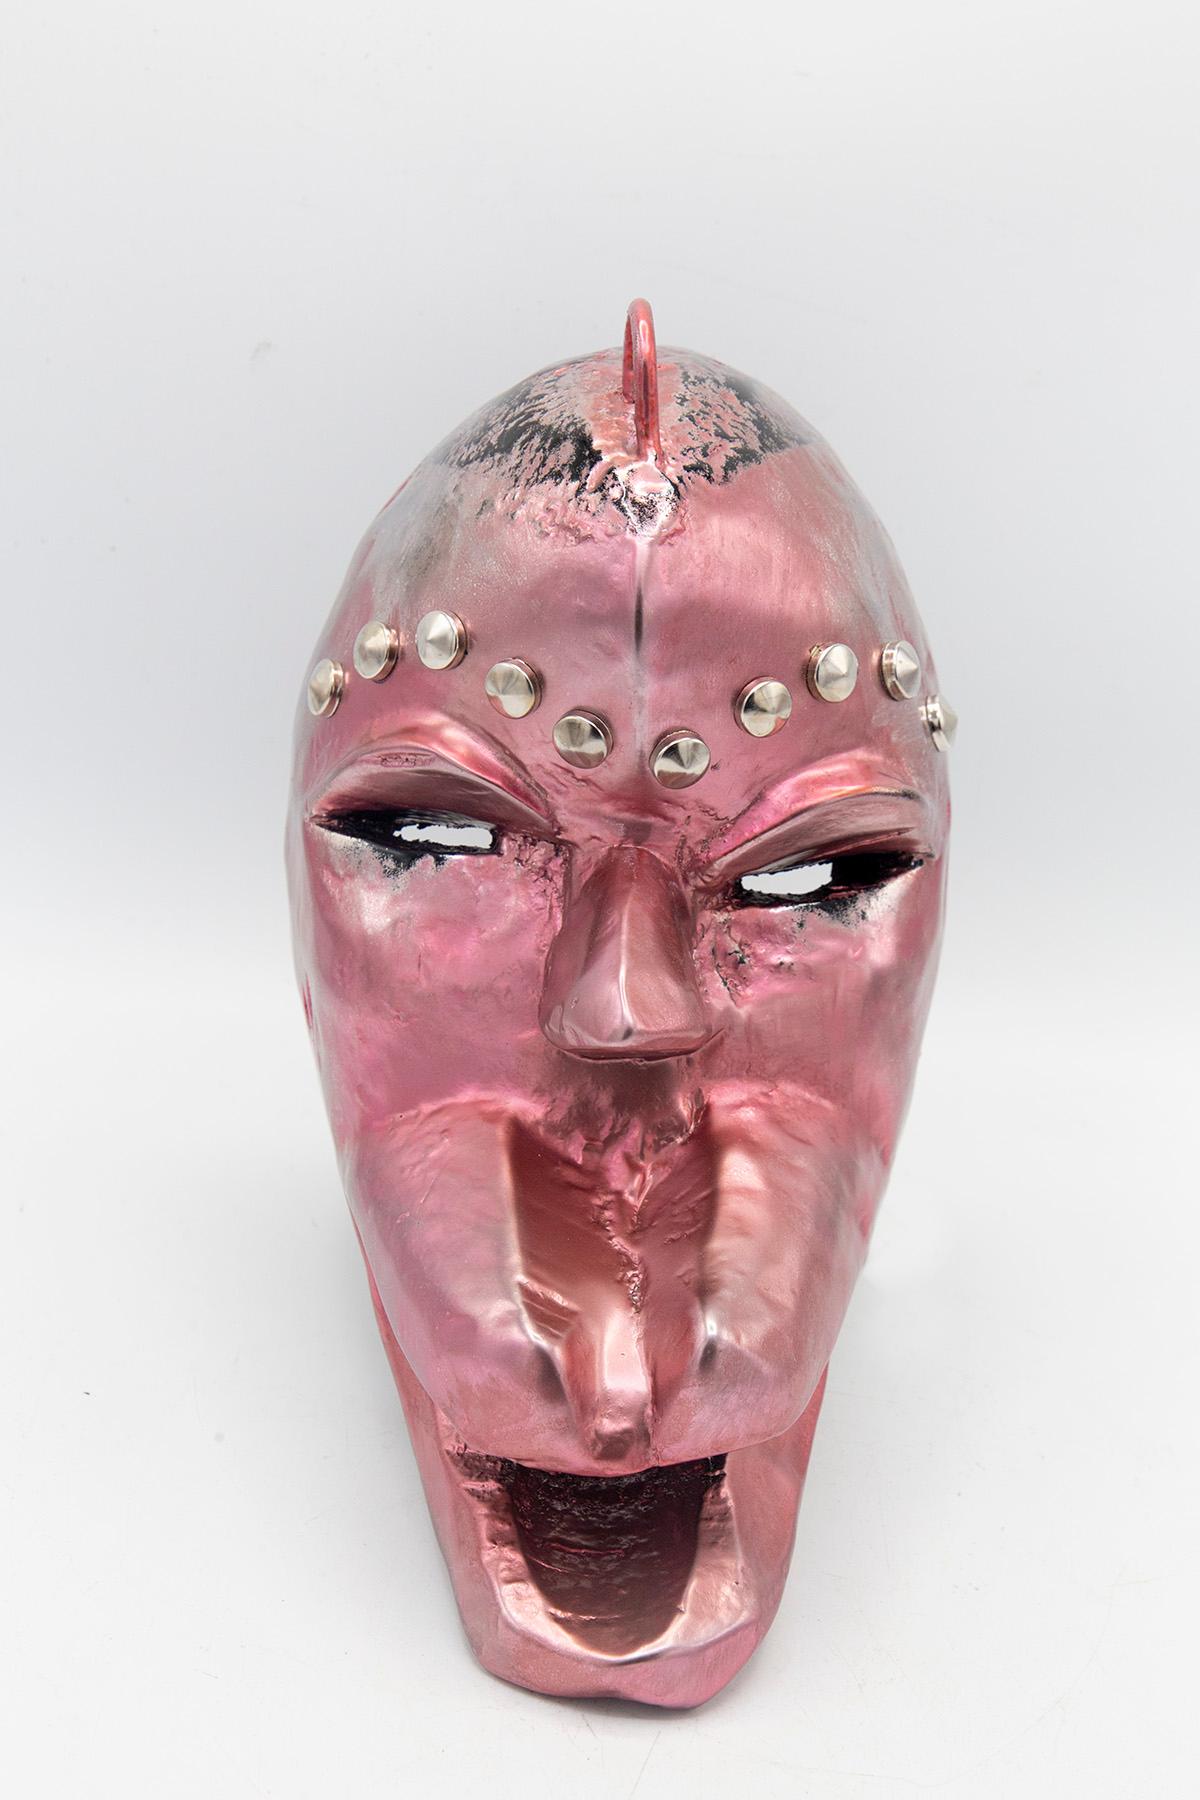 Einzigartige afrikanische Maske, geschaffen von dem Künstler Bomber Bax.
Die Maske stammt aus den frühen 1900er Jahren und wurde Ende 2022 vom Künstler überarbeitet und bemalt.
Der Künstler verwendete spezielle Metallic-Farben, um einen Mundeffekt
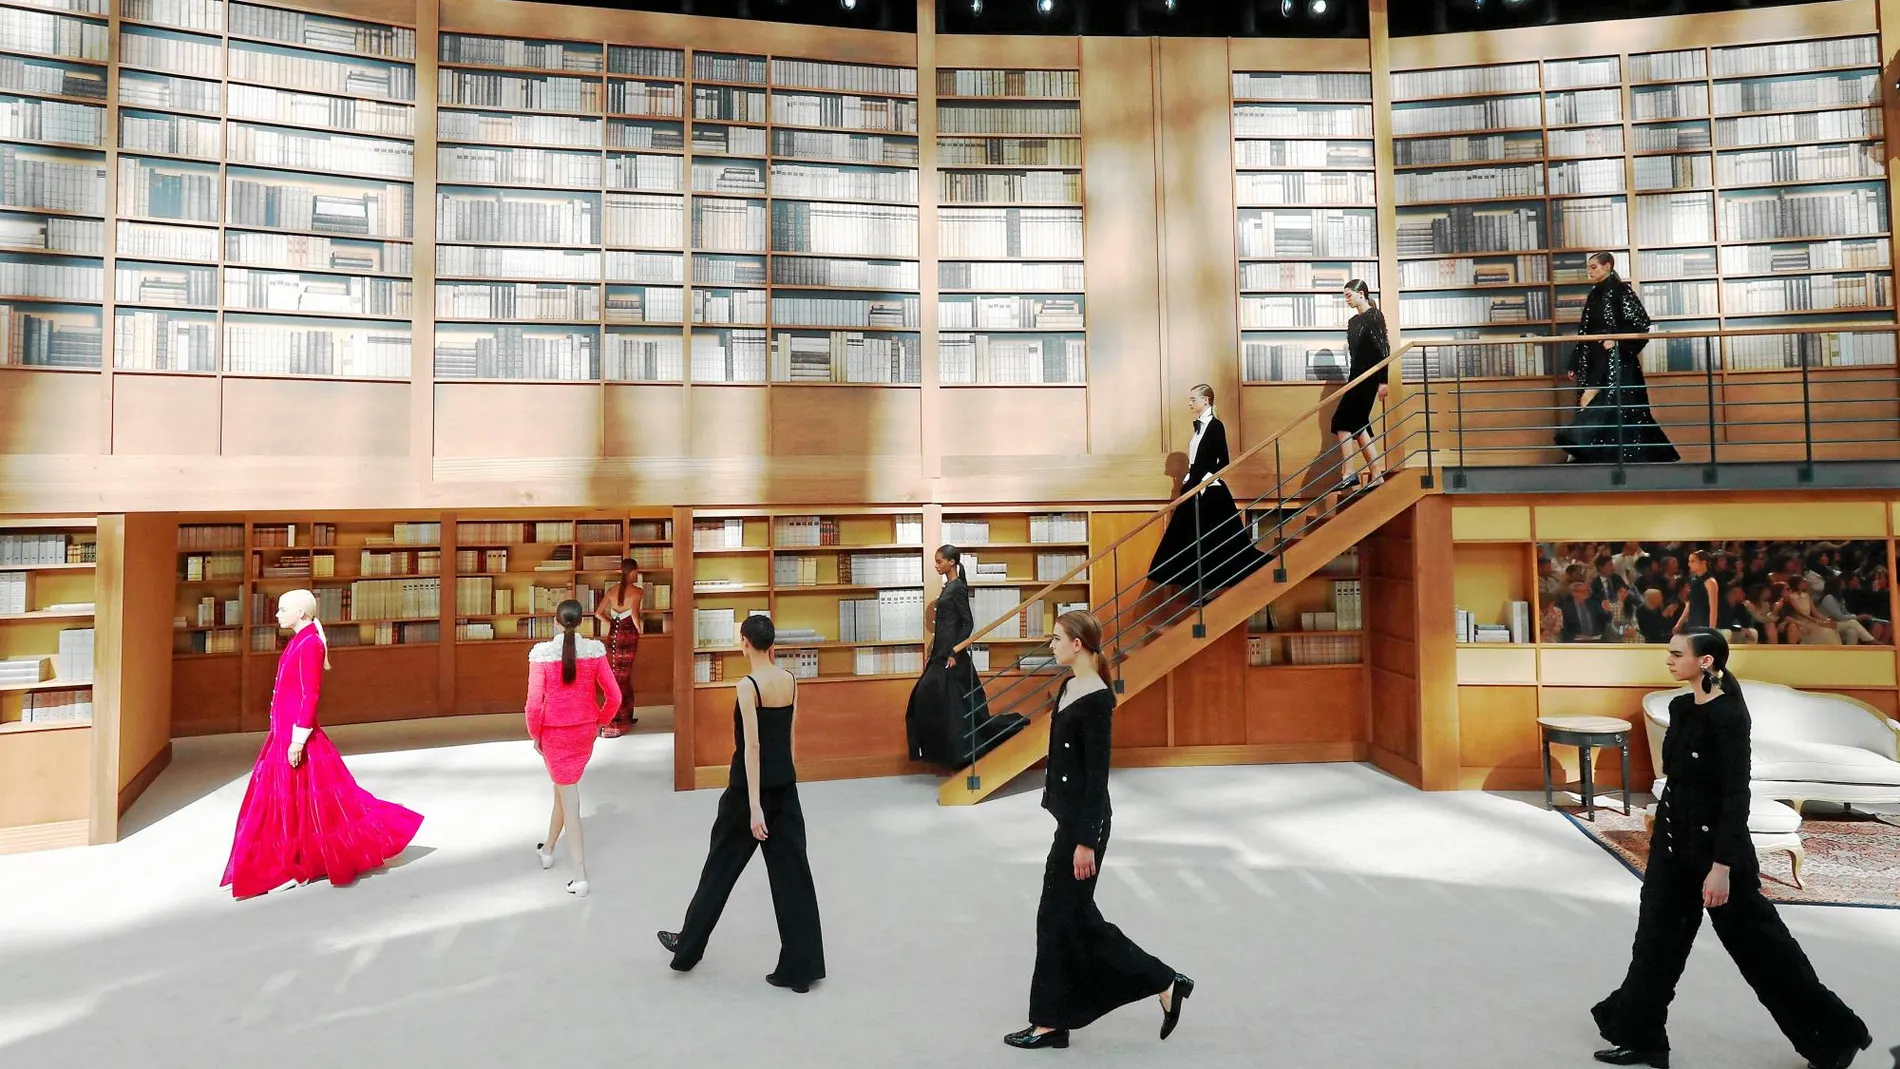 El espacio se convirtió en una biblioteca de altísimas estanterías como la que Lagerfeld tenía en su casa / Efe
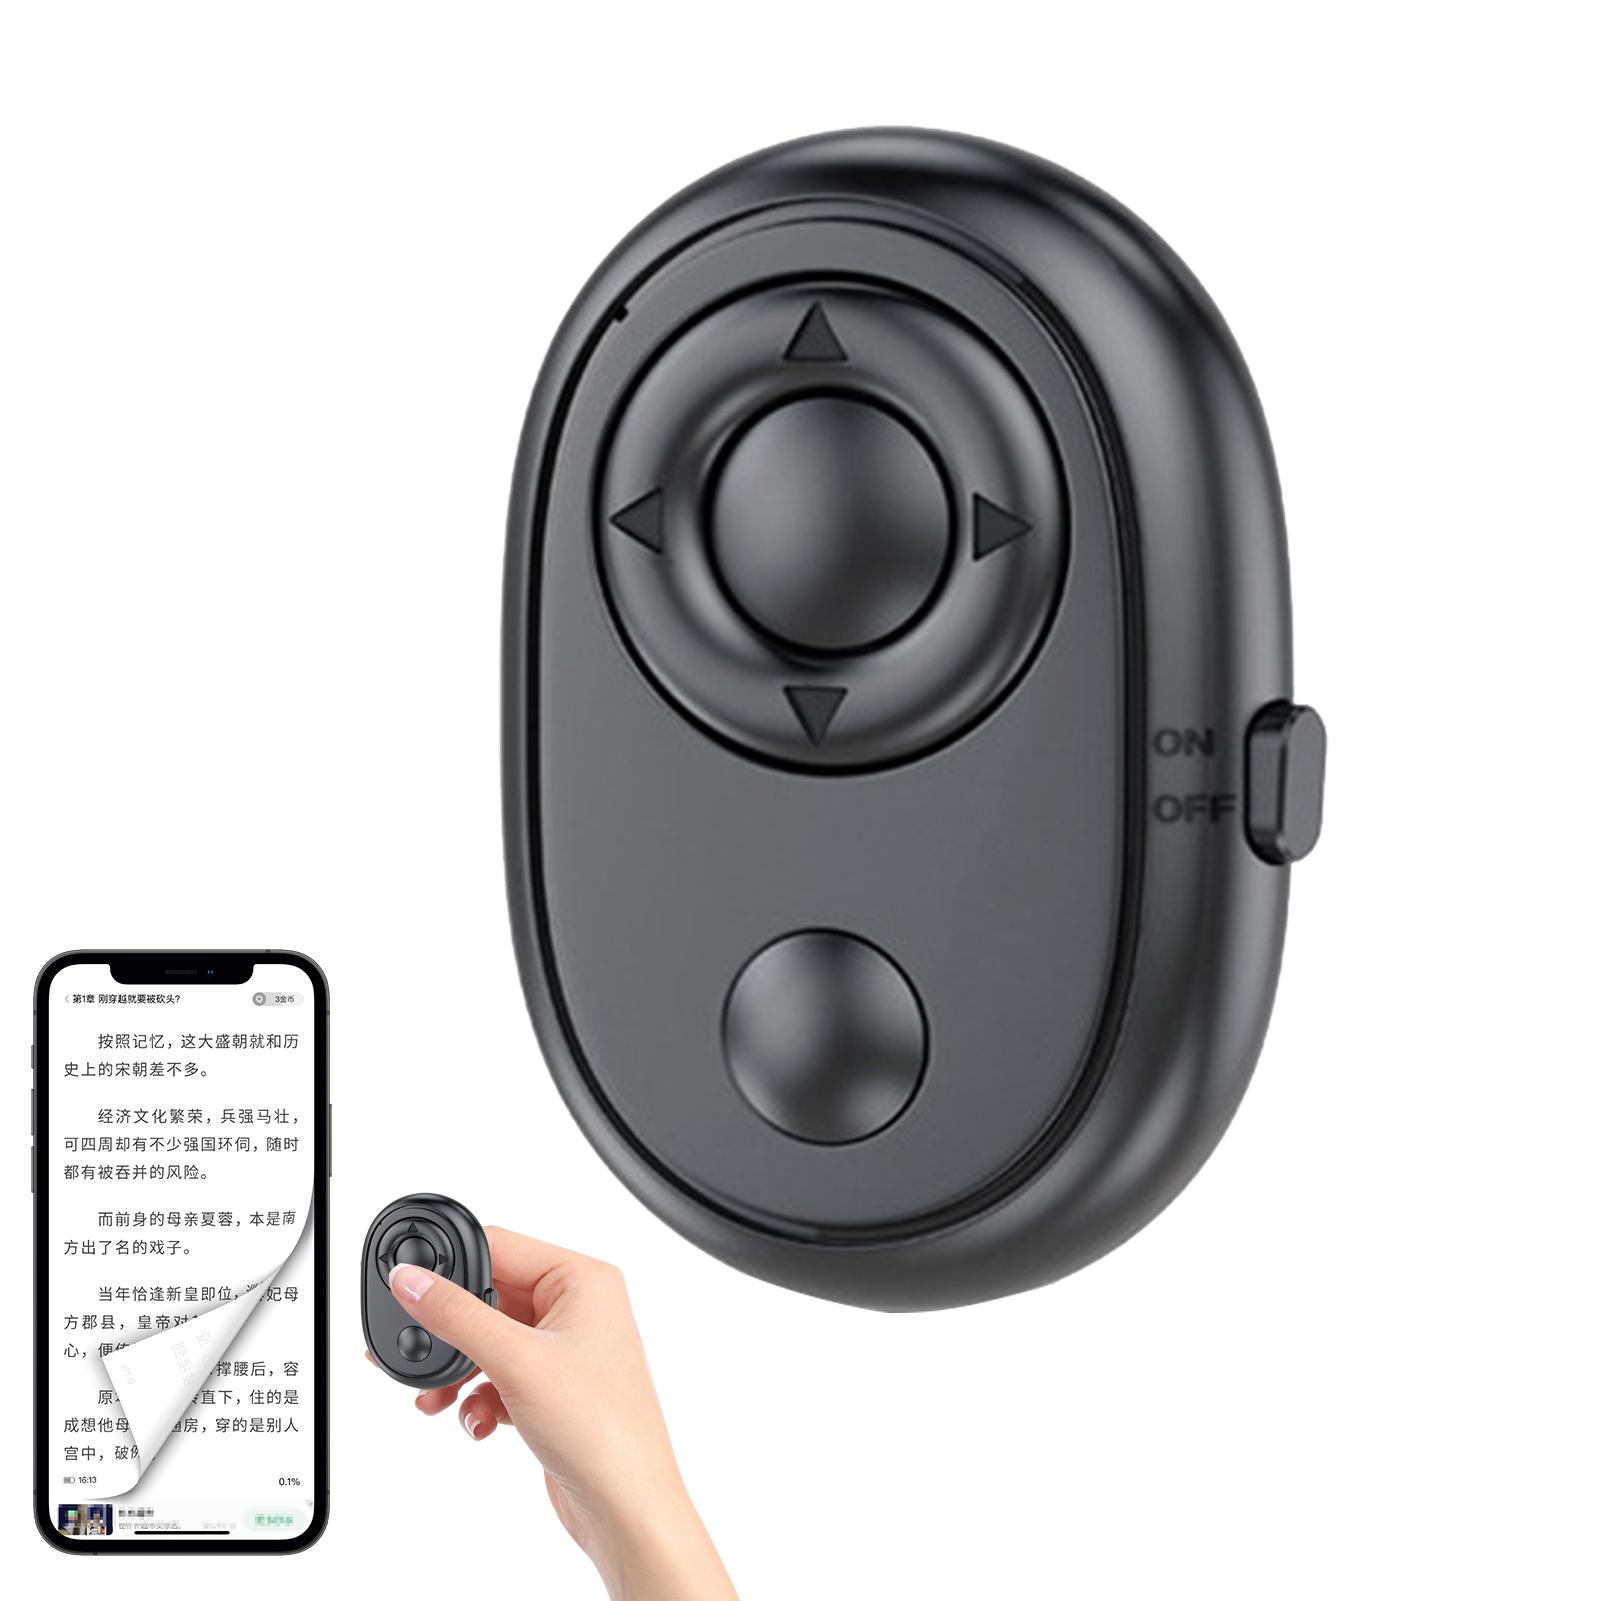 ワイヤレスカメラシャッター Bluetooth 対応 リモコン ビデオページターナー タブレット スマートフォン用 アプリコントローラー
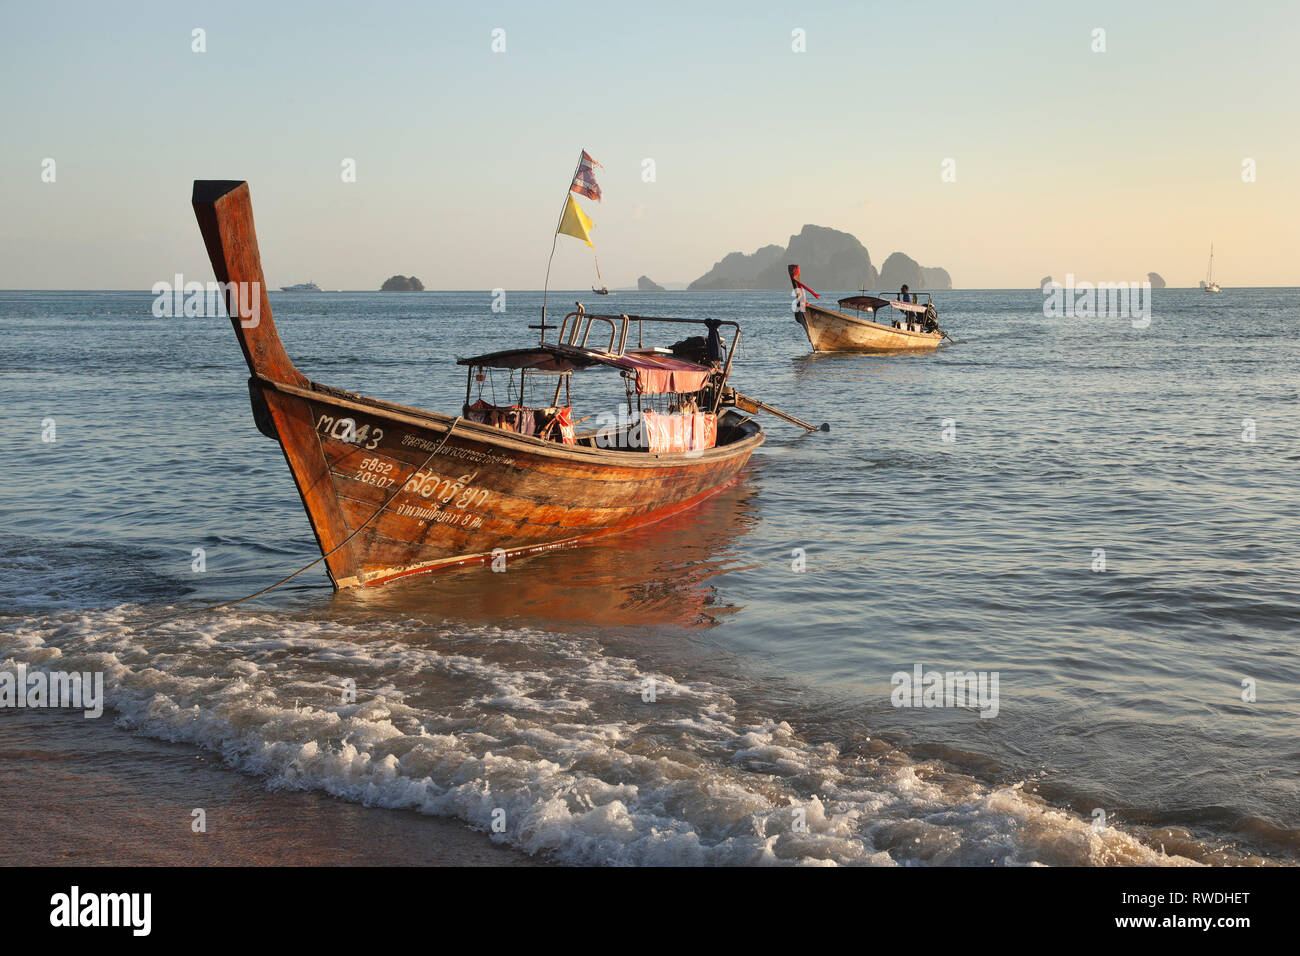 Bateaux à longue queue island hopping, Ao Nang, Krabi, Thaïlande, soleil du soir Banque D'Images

INSTRUCTIONS TO FOLLOW:
With the pictures left out, copy exactly the lines from the line holding "Der Künstler verwendete" through the final line of the records, including both.

ANSWER TO THE PROBLEM:
Der Künstler verwendete spezielle Metallic-Farben, um einen Mundeffekt
 El espacio se convirtió en una biblioteca de altísimas estanterías como la que Lagerfeld tenía en su casa / Efe
 ワイヤレスカメラシャッター Bluetooth 対応 リモコン ビデオページターナー タブレット スマートフォン用 アプリコントローラー
 Bateaux à longue queue island hopping, Ao Nang, Krabi, Thaïlande, soleil du soir Banque D'Images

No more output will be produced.